Dopamine Synthesis and D1 Receptor Agonism are Essential for Resolution of Experimental Lung Fibrosis

Abstract

Rationale Idiopathic Pulmonary fibrosis (IPF) is characterized by progressive and ultimately fatal end-stage lung scarring associated with uncontrolled deposition, stiffening and remodeling of fibrous connective tissue proteins. We have previously shown that agonism of the dopamine receptor D1 attenuates experimental lung fibrosis in mice, and that the lungs of IPF patients display reduced transcript and protein levels of DOPA decarboxylase (DDC), the enzyme that catalyzes the biosynthesis of dopamine. Here we investigate the role of endogenous dopamine production and signaling in the resolution of experimental lung fibrosis. Methods Using a self-resolving model of experimental lung fibrosis, we administered bleomycin (1.1U/kg) to 10-week old mice intratracheally at day 0, and collected lung tissue from sham and bleo groups at day 21 to establish the level of baseline fibrosis.

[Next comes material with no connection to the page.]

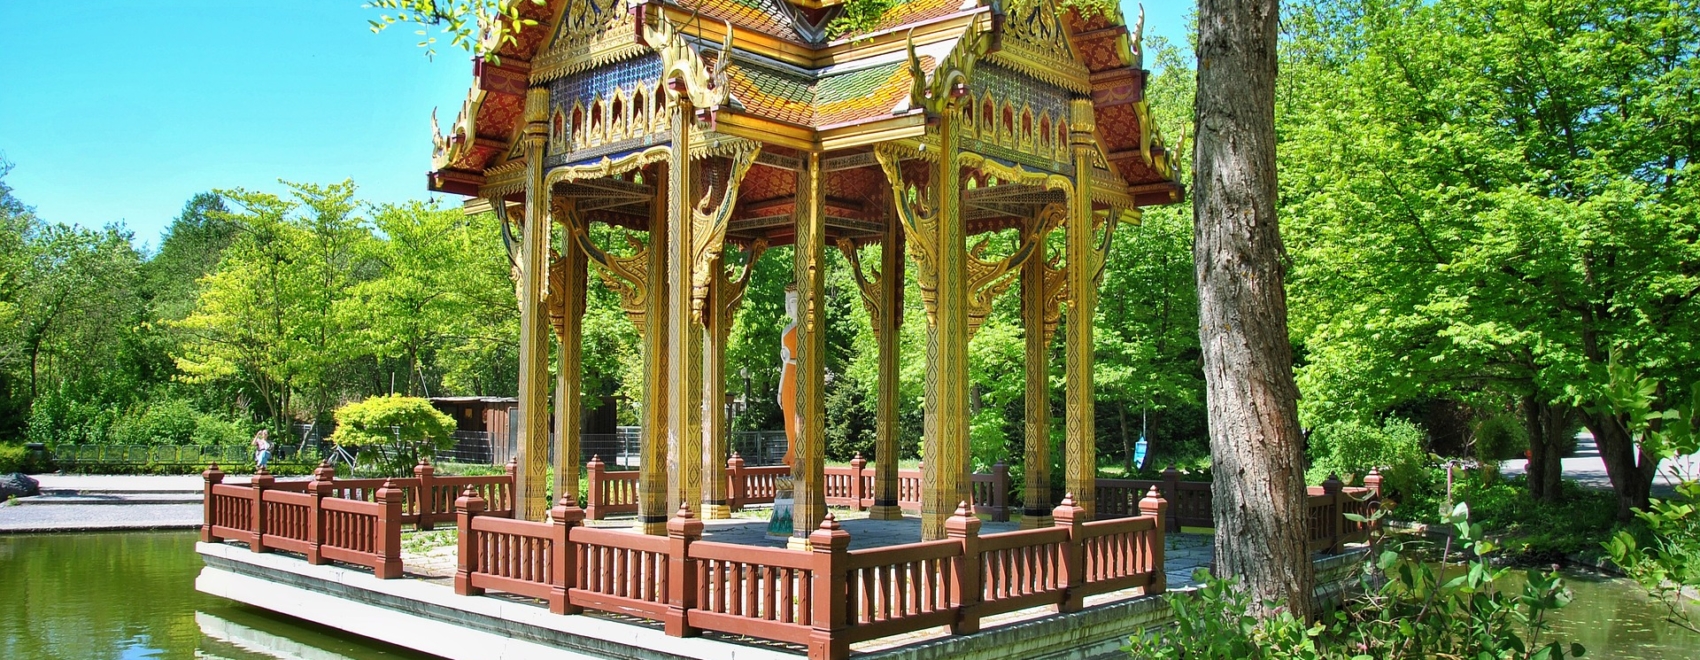 Thailändische Pagode im Westpark, München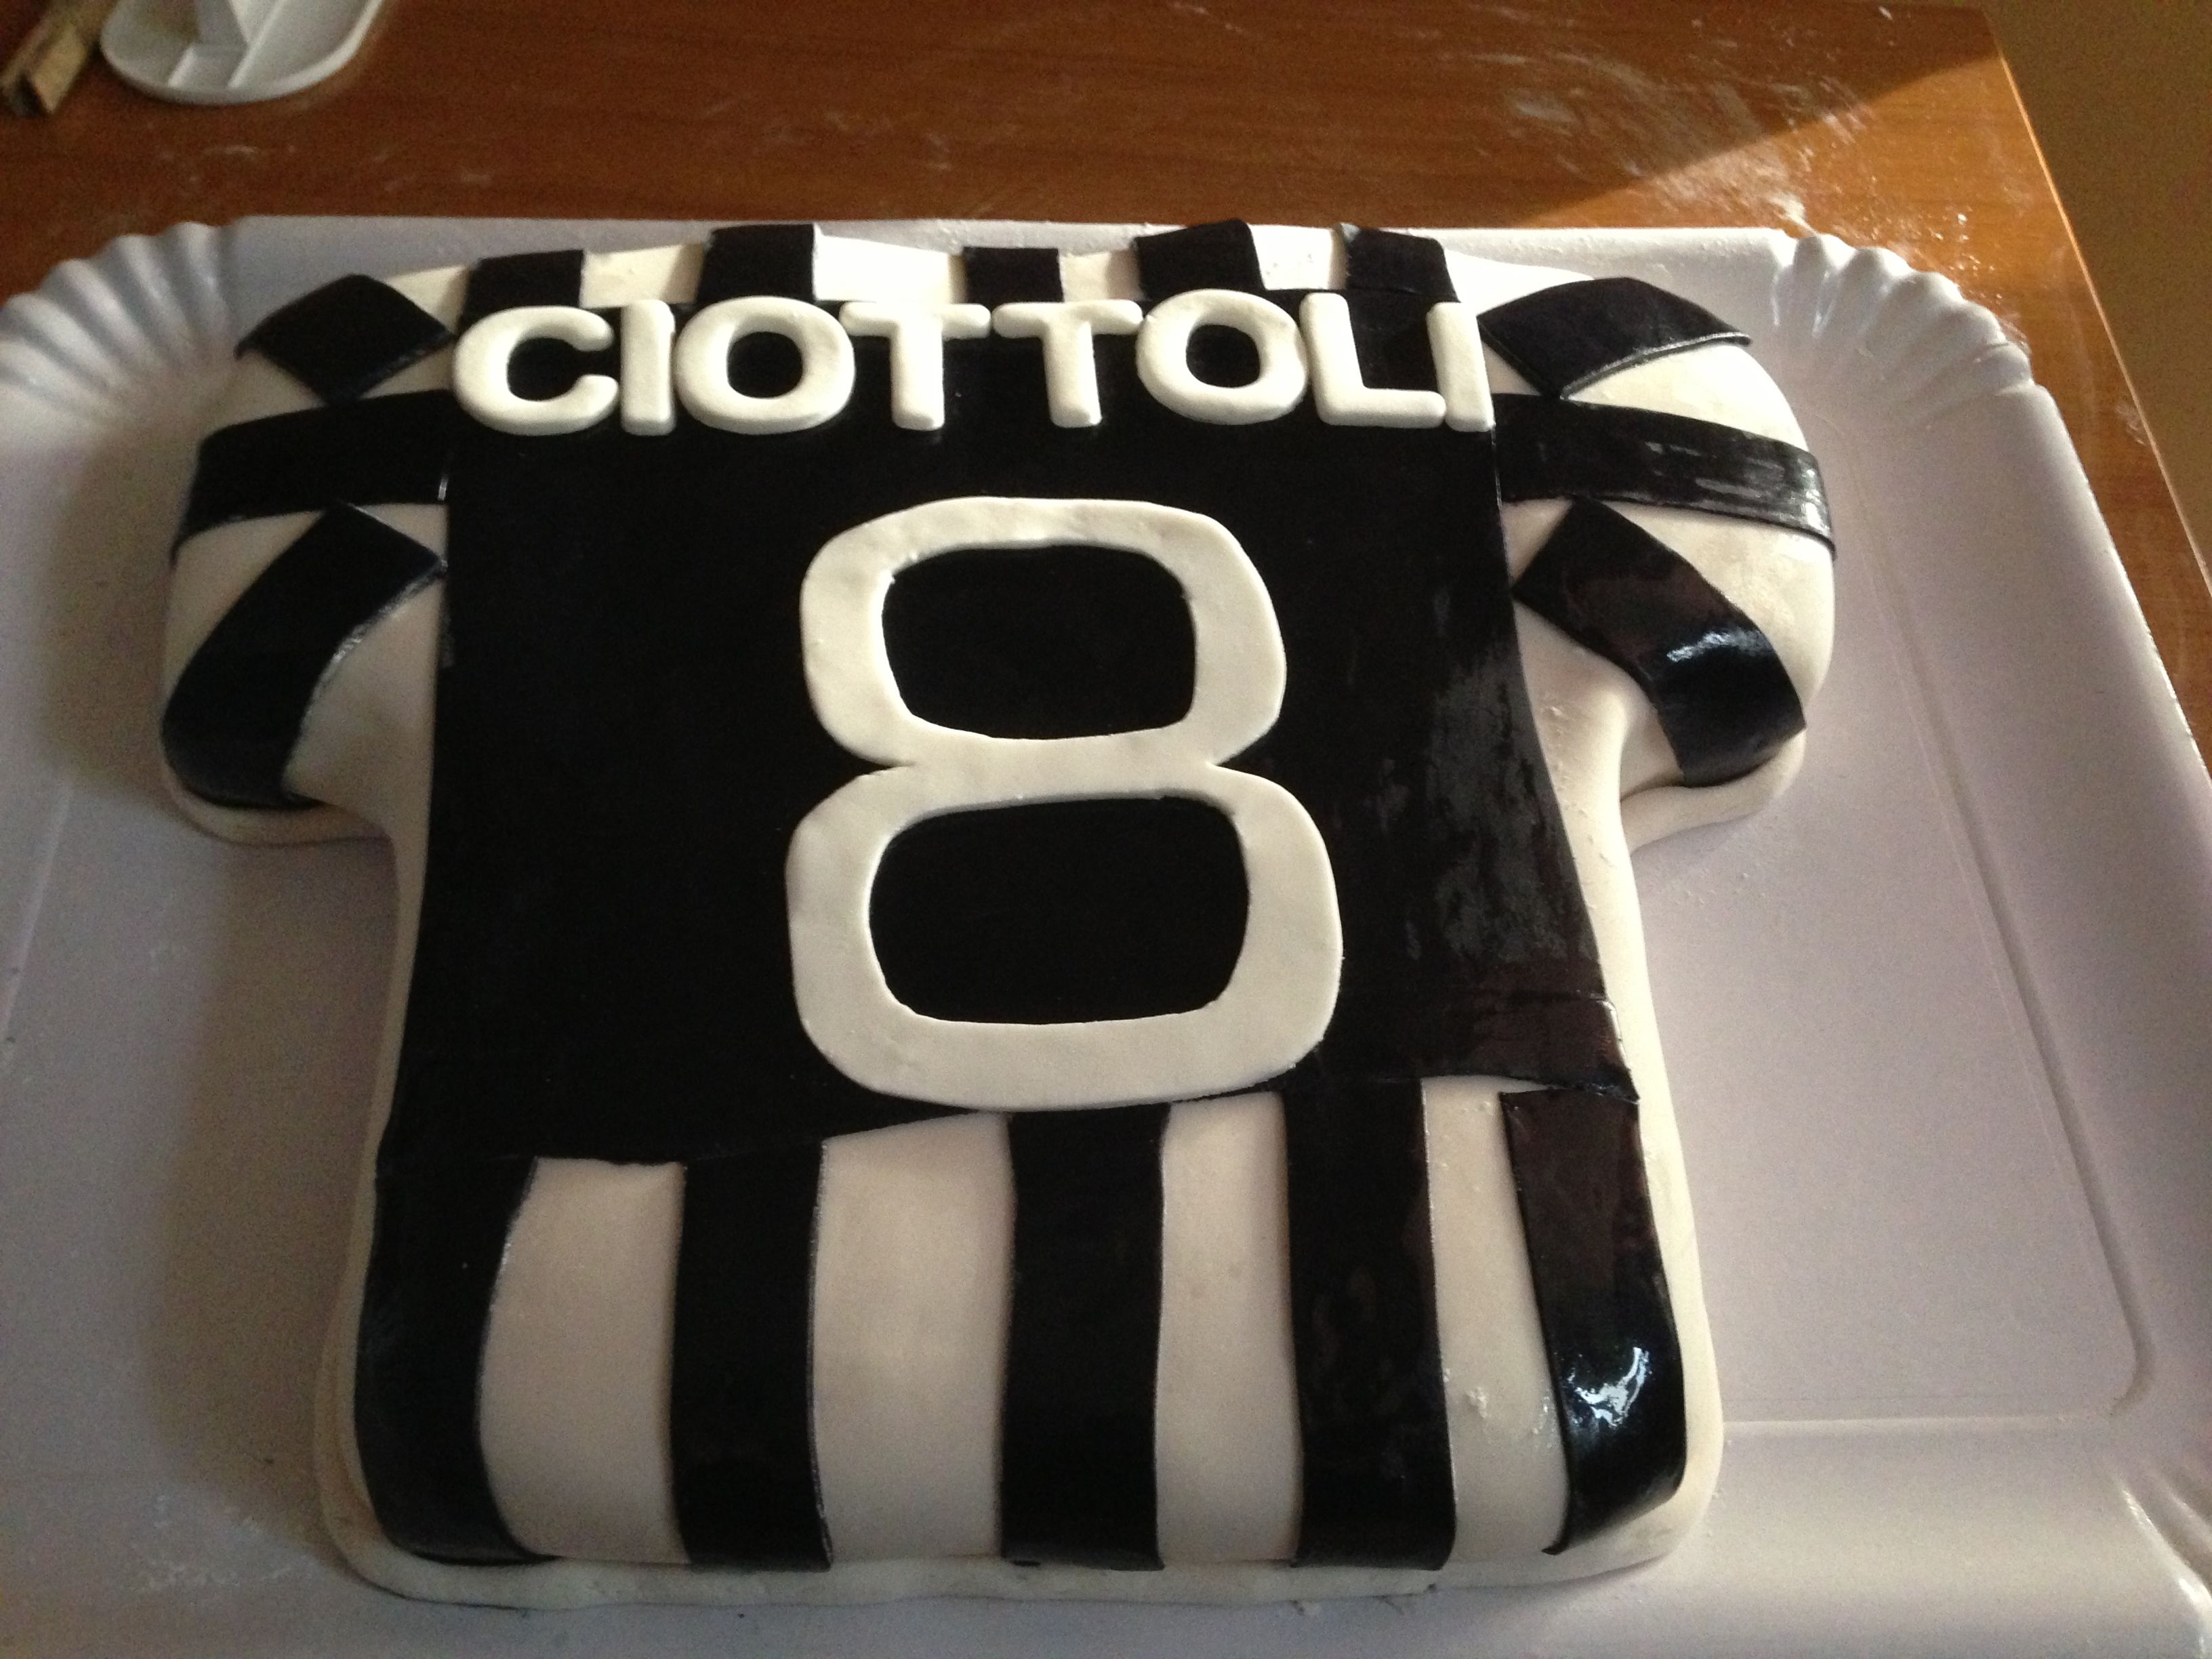 Ronaldo Juventus Cake Images - Hd Football

We then administered the DDC inhibitor carbidopa (20mg/kg, IP), the D1 receptor antagonist SCH 39166 (0.5mg/kg, SC), or vehicle control daily from day 21 to 42. Lung tissue was collected for hydroxyproline and histological analysis. In order to investigate dopamine synthesis and signaling ex vivo, we generated precision-cut lung slices (PCLS) from healthy mice and stimulated them +/- TGFβ for 72 hours and collected total RNA from the lung slices and conditioned media to measure dopamine production by ELISA. Results As previously observed, lung tissue collected at day 21 post injury displayed enhanced markers of fibrosis measured by hydroxyproline (478% increase over sham) and H&E stained histology. By day 42 the vehicle control mice resolved this fibrosis. In contrast, the mice treated with carbidopa or SCH 39166 maintained the fibrosis observed at day 21 (514% and 592% increase compared to sham, respectively). Consistent with our prior observation in IPF patient lung, PCLS cultured ex vivo with TGFβ expressed significantly less Ddc (75% reduction compared to control) and total dopamine abundance in the conditioned media dropped from ~120ng/mL to ~32ng/mL. Conclusions Dopamine synthesis through the activity of DDC, and agonism of the dopamine receptor D1 are essential to pulmonary fibrosis resolution after injury. PCLS represents a useful model to further investigate the molecular mechanisms leading to reduced expression of DDC, and test pharmacological approaches to stimulate dopamine signaling as a potential therapy for IPF.